**About this exercise**
From the line that contains "Ford Econoline E-250" down to the final line of the listing below, set down every line exactly, both ends included, and drop the pictures.

**Data below**
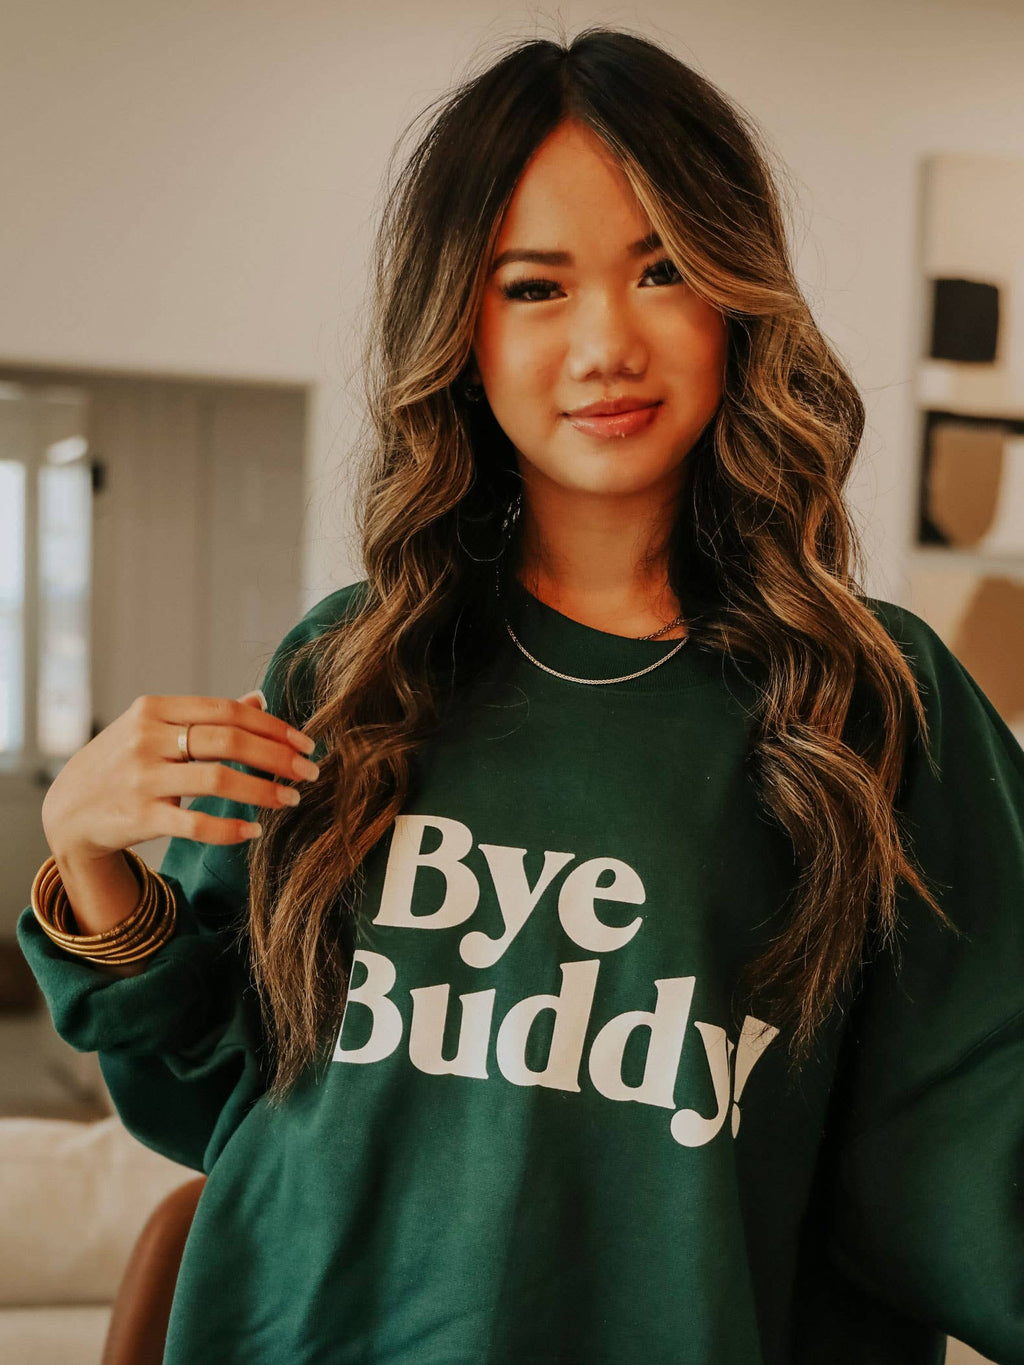 Bye Buddy! Sweatshirt
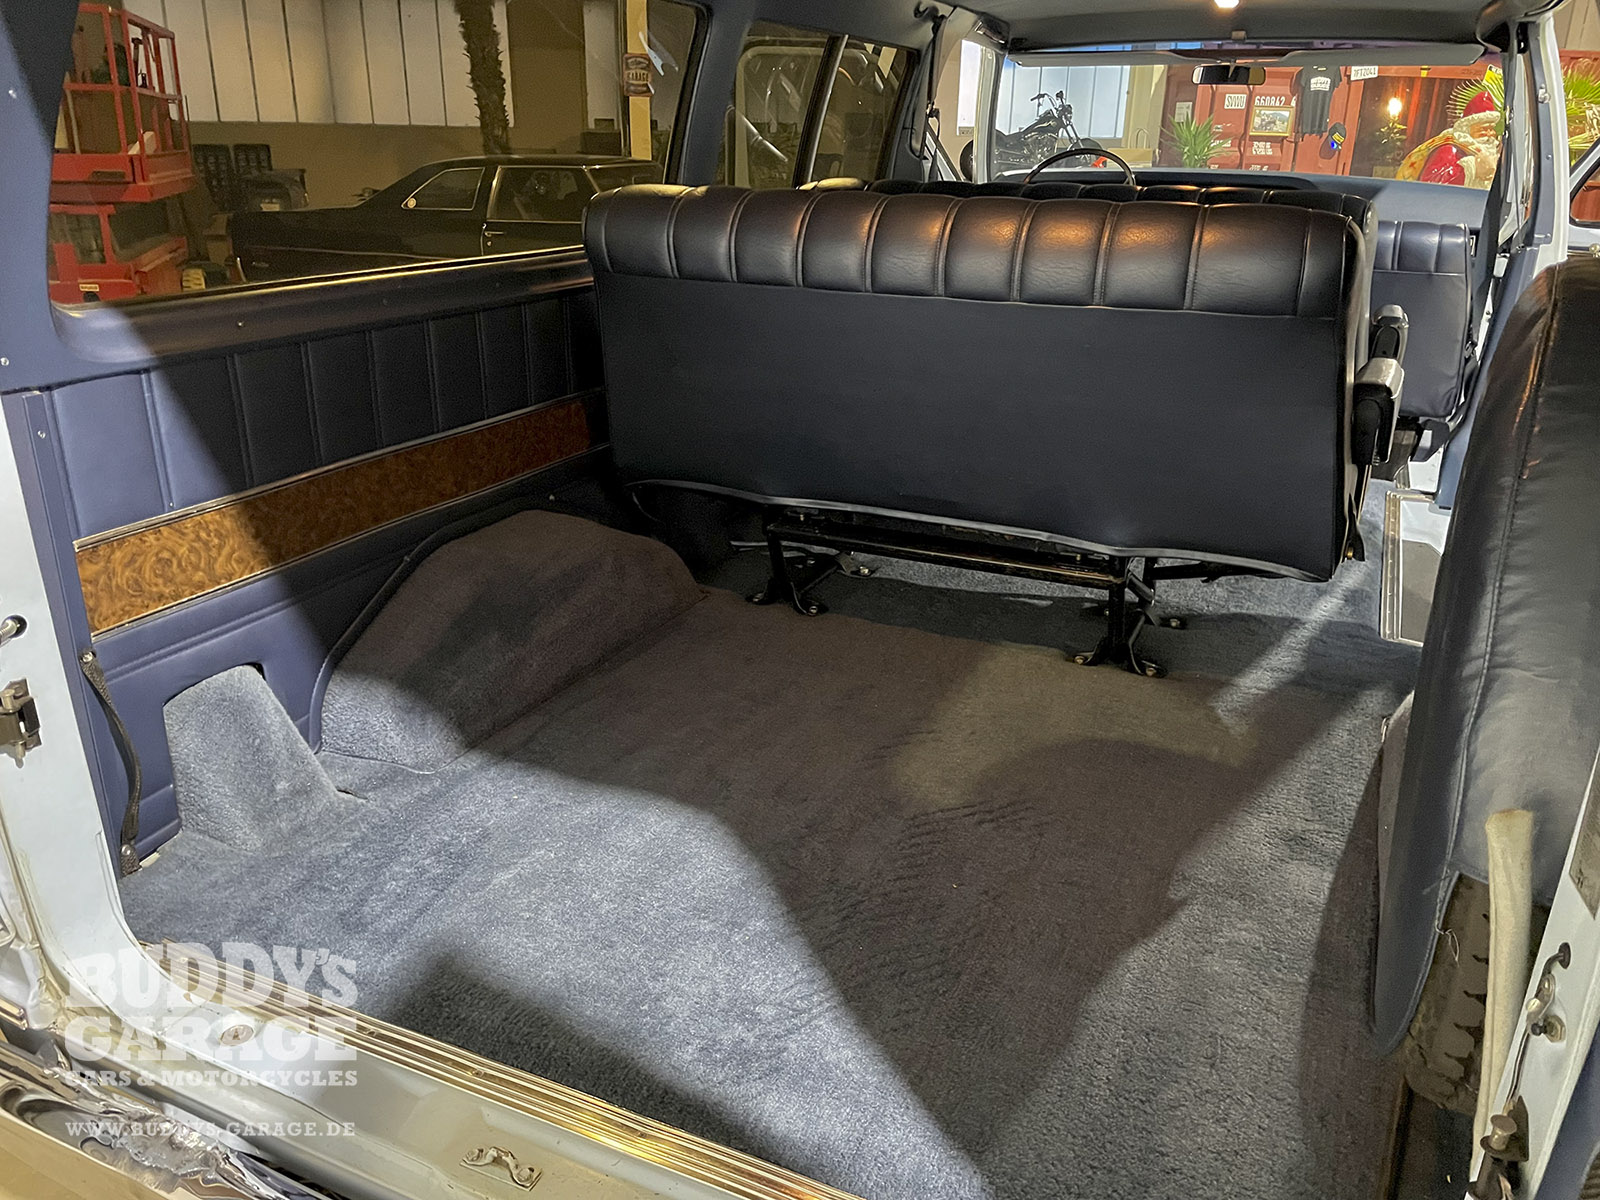 Ford Econoline E-250 Club Wagon 1977 | Buddy's Garage Bad Oeynhausen
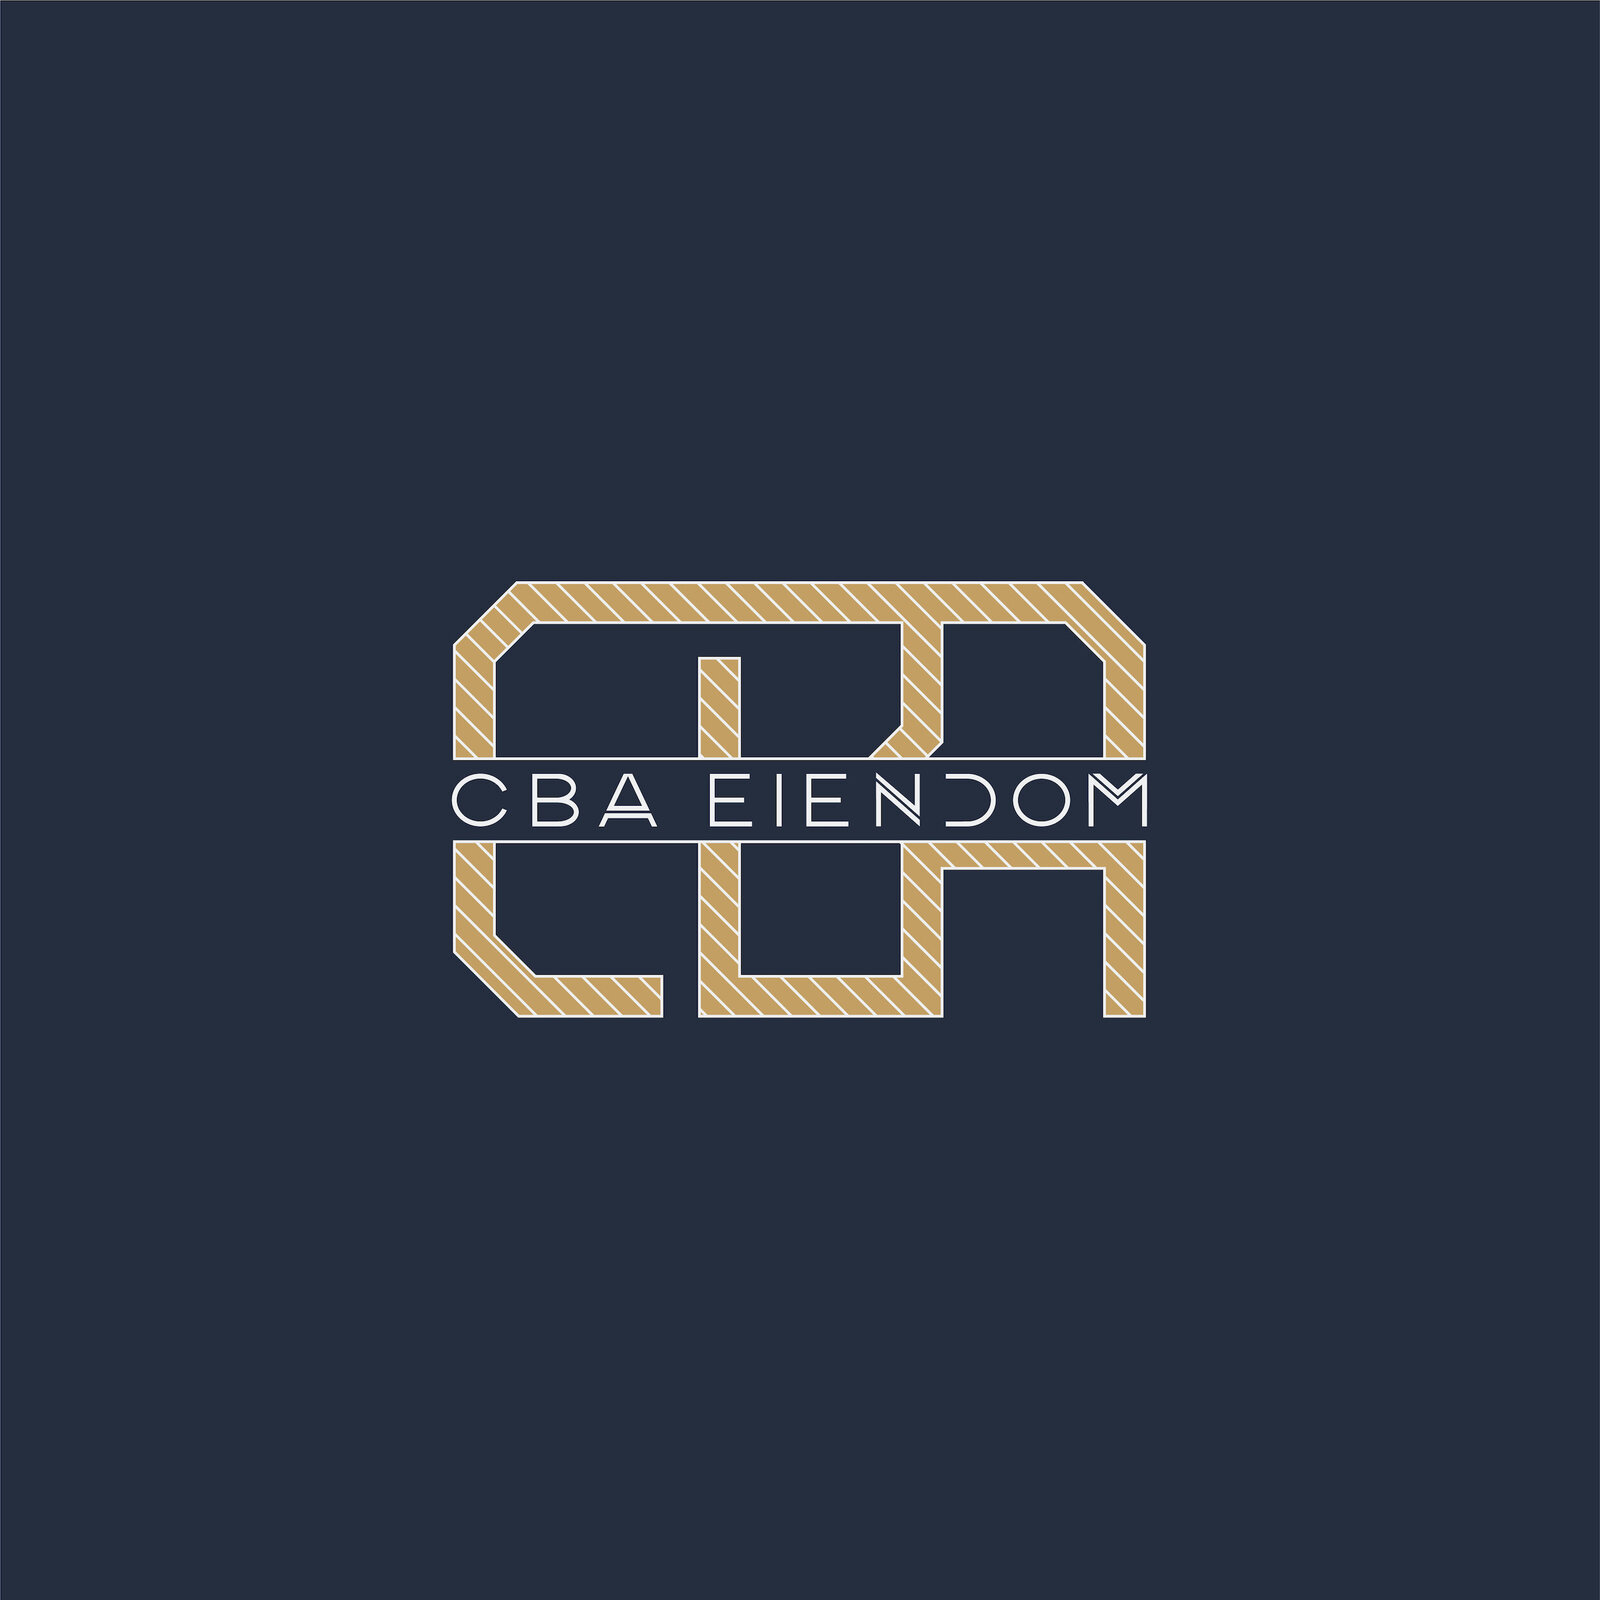 Persona-Vera-branding-CBA-Eiendom-12

**Expected answer**
 Ford Econoline E-250 Club Wagon 1977 | Buddy's Garage Bad Oeynhausen
 Persona-Vera-branding-CBA-Eiendom-12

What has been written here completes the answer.